Cramer Recommends Glaxo
Although stocks soared broadly across the board to finish near session highs Wednesday, with the Dow and S&P 500 to reaching new record levels, Jim Cramer stressed the importance of defensive stocks.
"We need to be prepared in case one of the many warnings from the endless legion of bears comes true … you need to own something that will hold up, and perhaps even go higher, if the wheels fall off this bull market," said Cramer on CNBC's "Mad Money." "In a diversified portfolio of five stocks, you need to have at least one defensive name with a big dividend to protect your wealth at all times, even in raging bull markets like this one where it might feel like that's a waste of money."
In turn, Cramer recommended investors consider GlaxoSmithKline, Britain's biggest drugmaker, which pays a juicy 5.8 percent dividend yield.

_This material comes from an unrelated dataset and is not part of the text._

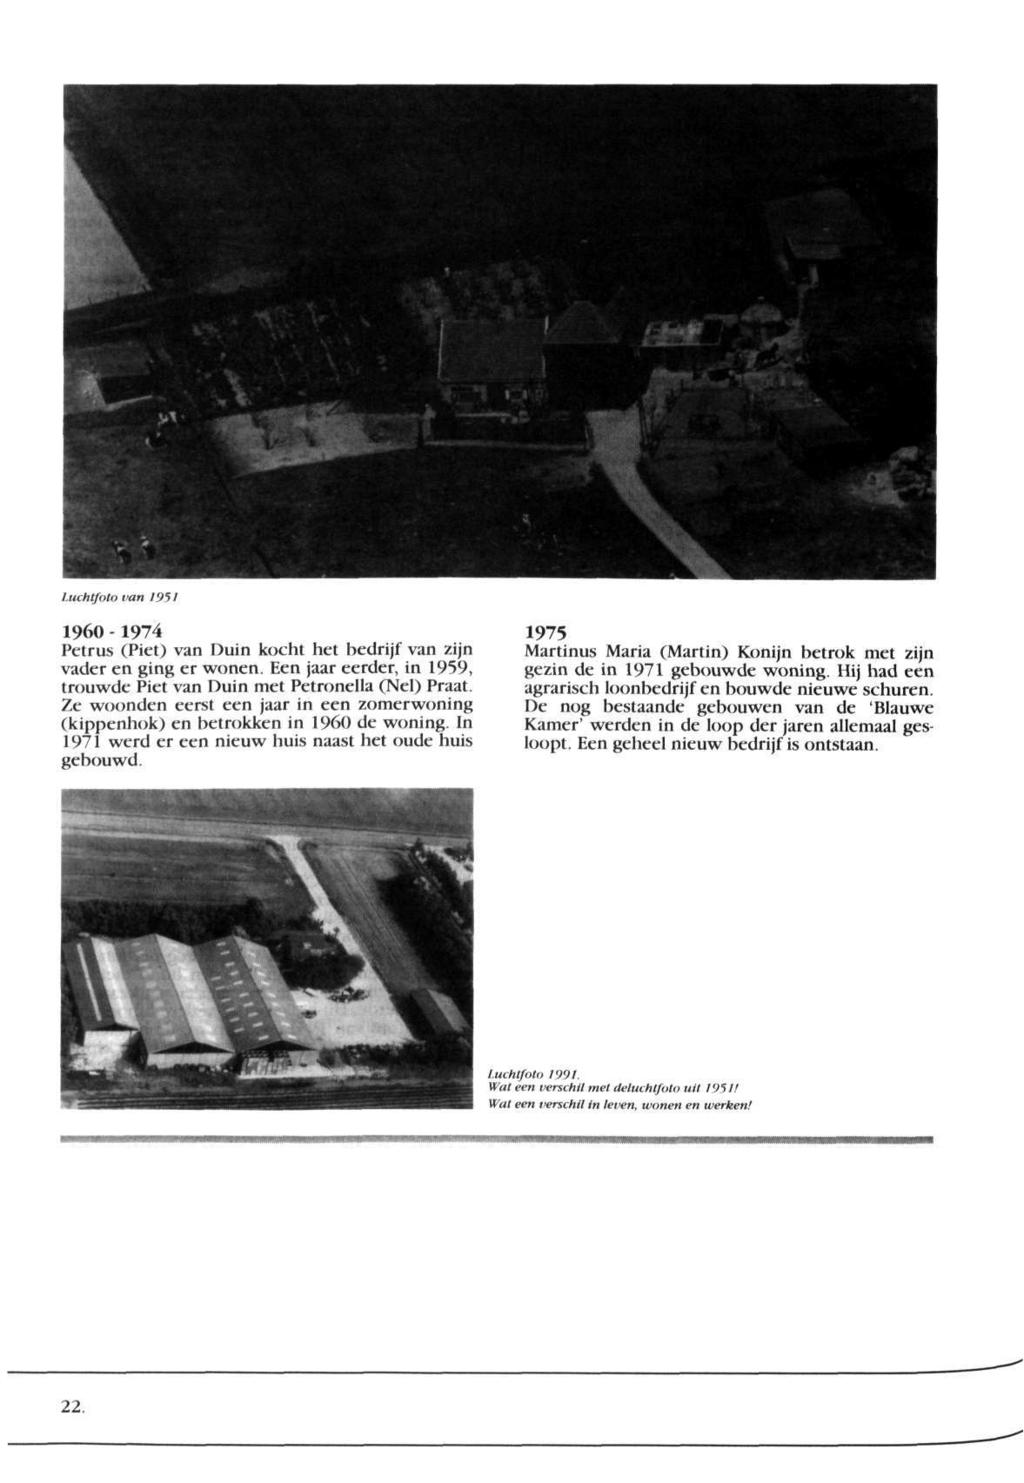 Luchtfoto van 1951 1960-1974 Petrus (Piet) van Duin kocht het bedrijf van zijn vader en ging er wonen. Een jaar eerder, in 1959, trouwde Piet van Duin met Petronella (Nel) Praat.

The pharmaceutical company's revenues have been declining lately, but Cramer thinks it could soon turn the corner. After all, it was able to reach a $150 million preliminary settlement with U.S. drug wholesalers who claimed the company improperly delayed entry to the market of generic alternatives to its nasal spray Flonase. Since the start of last year, it's also filed for regulatory approval for six new drugs, some of which could net billions of dollars. Over the next three years, Glaxo could launch 15 new drugs worldwide, possibly helping the company achieve an 8.4 percent compound annual earnings growth rate from this year through 2018.
As it stands, Glaxo now trades at just 13.6 times next year's earnings estimates. If management can execute on these new drugs while cutting costs, Cramer thinks it could trade up to 16 times earnings, which means its stock would be about 17 percent higher than current levels.